LLM-generated kernels perform comparably to human-written versions on most benchmarks, and in some configurations, even slightly outperform them. This is a rare finding in the field of GPU kernel optimization, which has historically had a very high barrier to entry.

The benefits of backpropagation are particularly pronounced: the backward kernel for GEMM-Residual-PartialRMS-GEMM achieves a speedup of 1.6 to 1.8 times over the baseline, while the SwiGLU backward pass shows an improvement of approximately 1.4 to 1.6 times. In this area, the gap between LLMs and hand-crafted implementations is similarly small. This is not surprising: backpropagation inherently involves more access to intermediate tensors, making the benefits of tail fusion even greater; and CODA’s primitive design is sufficiently clear, enabling AI models to correctly compose them.
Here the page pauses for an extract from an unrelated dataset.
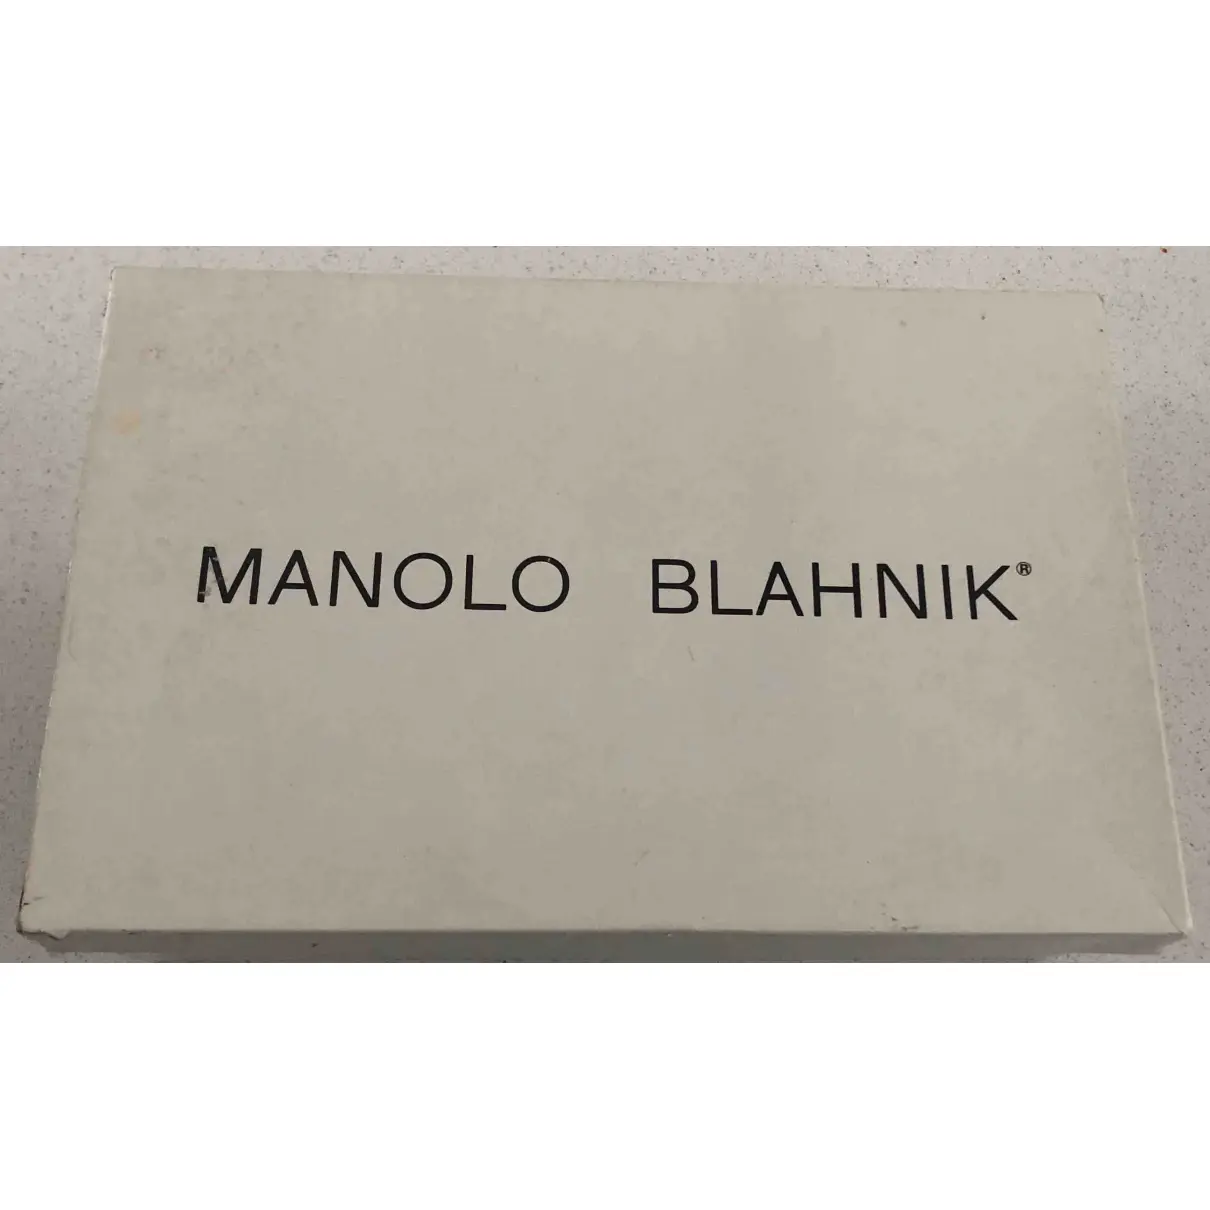 Buy Manolo Blahnik Patent leather heels online - Vintage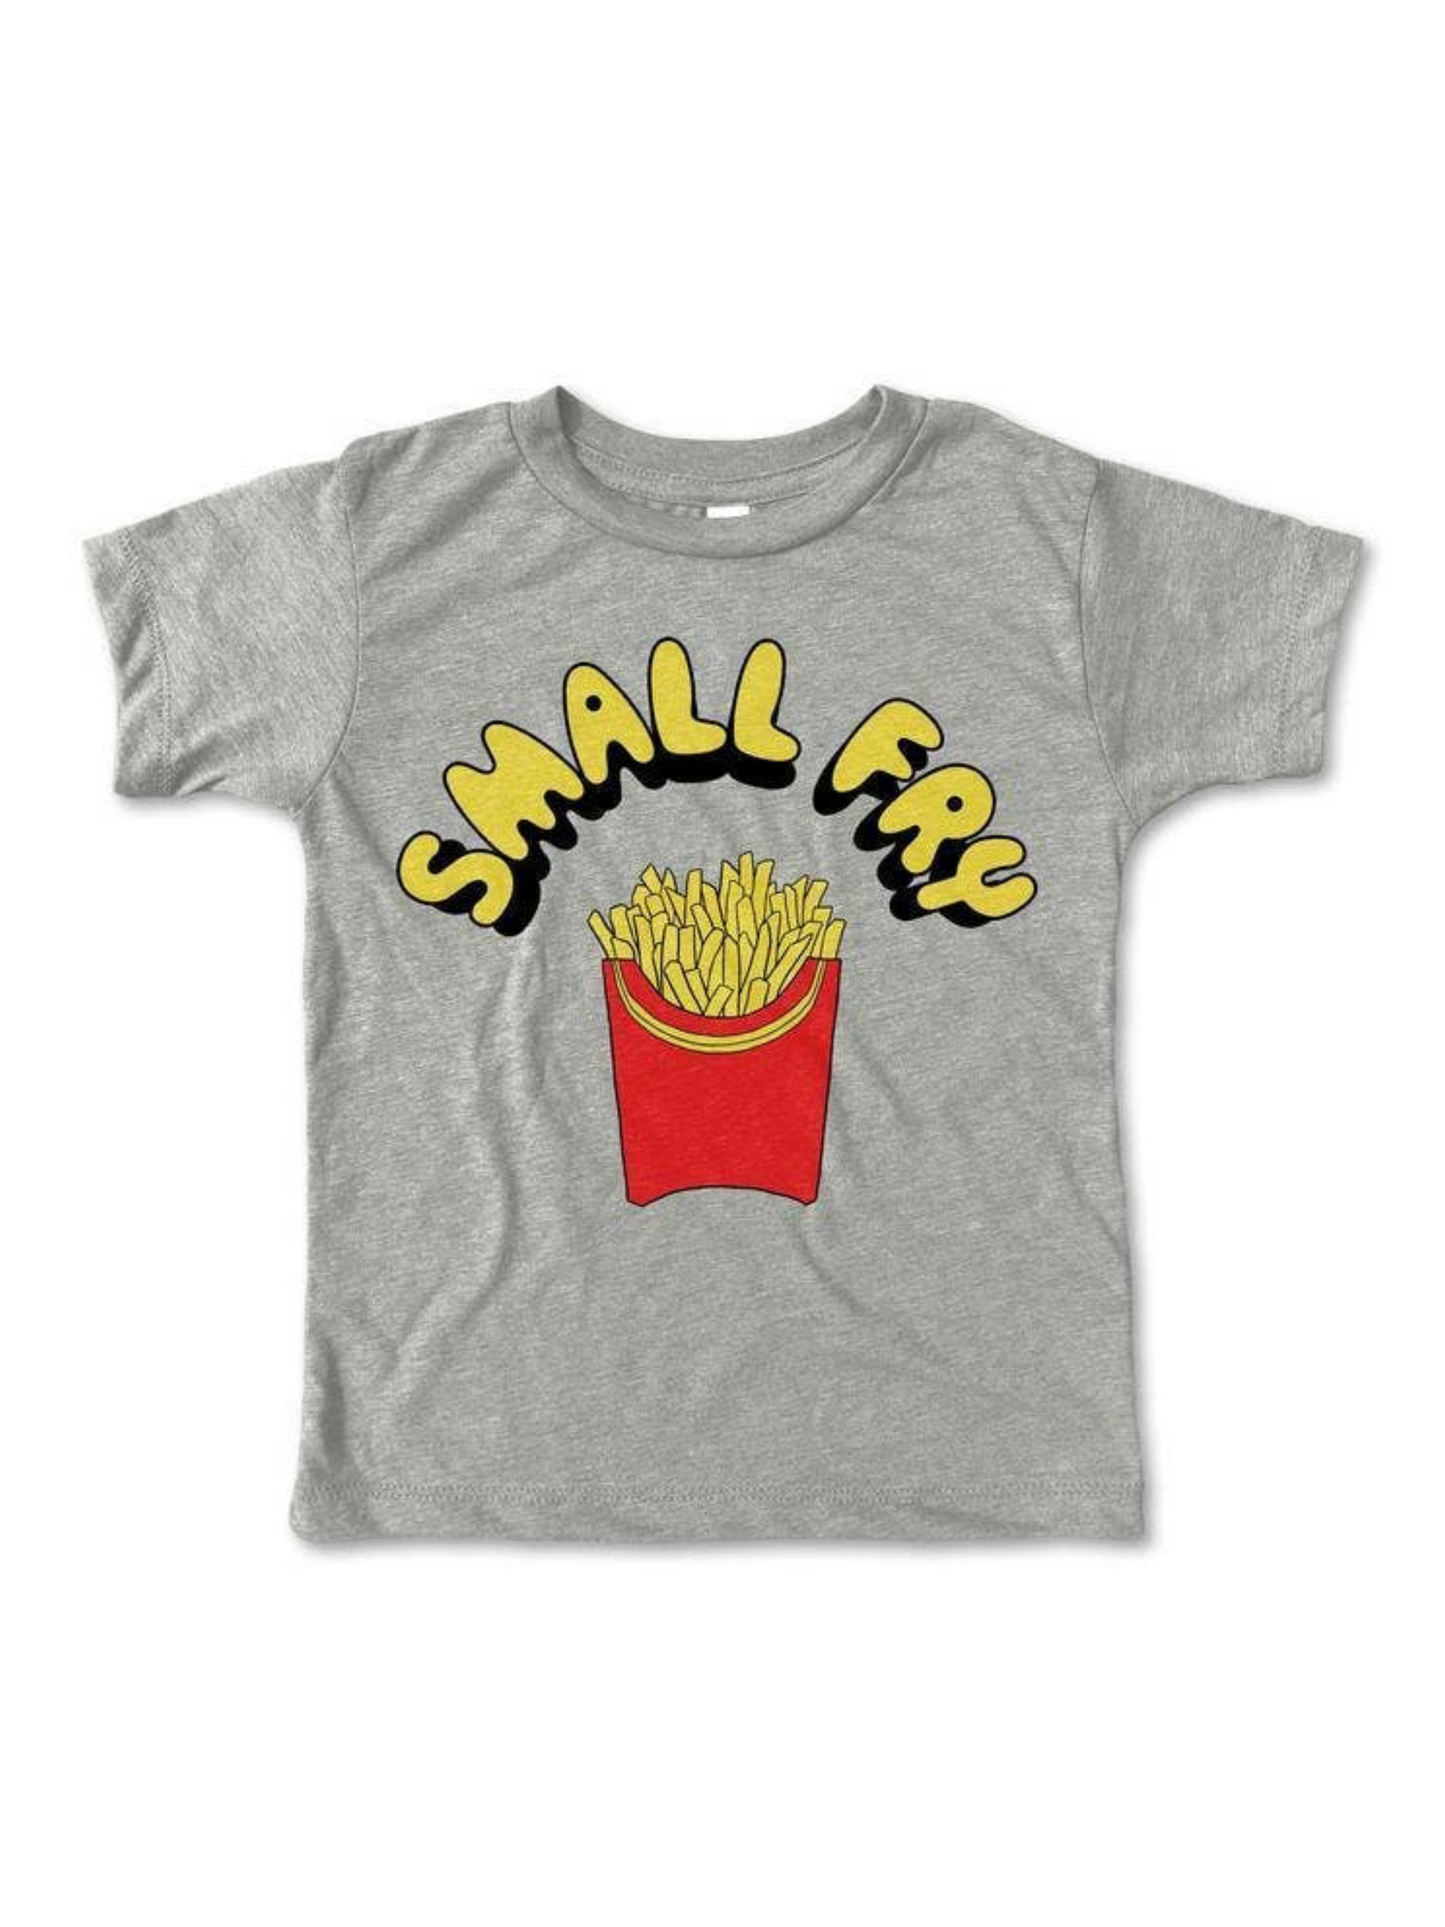 kids small fry graphic tshirt

In end-to-end benchmarks of full Transformer layers, CODA achieves forward acceleration of approximately 5% to 20% across different scales, with more significant improvements observed at larger model sizes (corresponding to hidden dimensions of 70B).

In terms of numerical precision, CODA’s reparameterization adjusts the timing of RMSNorm scaling factor application, but experiments show its numerical error is comparable to the PyTorch reference implementation—and in some configurations, even smaller, thanks to the GEMM main loop’s higher-precision accumulator.

What CODA Can Do: A Quick Reference Guide—Before diving into the bigger picture, let’s clearly define the scope of CODA’s capabilities.

Coverage: Nearly all computations in the forward and backward passes of standard Transformers (e.g., LLaMA architecture), excluding attention and word embeddings, including RMSNorm, residual addition, SwiGLU activation, RoPE rotary positional encoding, cross-entropy loss, and the backward gradient computations for these operations.
Acceleration effect: Across hidden dimensions ranging from 1B to 70B, individual operators show varying degrees of improvement over the cuBLAS + torch.compile baseline, with the most significant gains observed in backpropagation (some kernels achieving over 1.6x speedup); end-to-end forward acceleration for complete Transformer layers ranges from 5% to 20%, with more pronounced benefits in larger model sizes.
CODA is implemented based on CuTeDSL (a Python DSL for NVIDIA CUTLASS), supporting both human programmers and AI models for kernel development, with both approaches achieving high performance.
Current limitations: Only single-GPU scenarios are supported, with no distributed training; parameterization is primarily designed for standard Transformer architectures, and compatibility with other architectures has not been verified.

Conclusion

CODA is not an isolated effort. It is a concrete implementation of a broader idea: on GPUs, the real optimization opportunities often lie not in "what to compute," but in "how to move data."

FlashAttention brings attention computations into on-chip memory, and CODA seeks to do the same for normalization and activation functions. Triton has lowered the barrier to writing custom kernels, while ThunderKittens, TileLang, and others are further exploring this space at various levels. Together, these efforts point toward a single goal: unifying the expressive convenience of PyTorch operator graphs with the near-handwritten-CUDA execution efficiency within a single programmable framework.

The last line of Tri Dao’s tweet is worth reflecting on again: “LLMs and beginners can write light-speed kernels for all Transformer operations.” Underlying this is a deeper logic: when programming abstractions are designed well enough, AI models themselves can participate in optimizing their own training infrastructure. This loop is what makes CODA truly fascinating.

From this perspective, the name "CODA" may carry deeper meaning. In classical music, a coda is the concluding passage that brings a piece to a close. Here, it serves as the "coda" of the GEMM kernel—and crafting this final section may well be the next crucial chapter in improving the efficiency of Transformer training systems.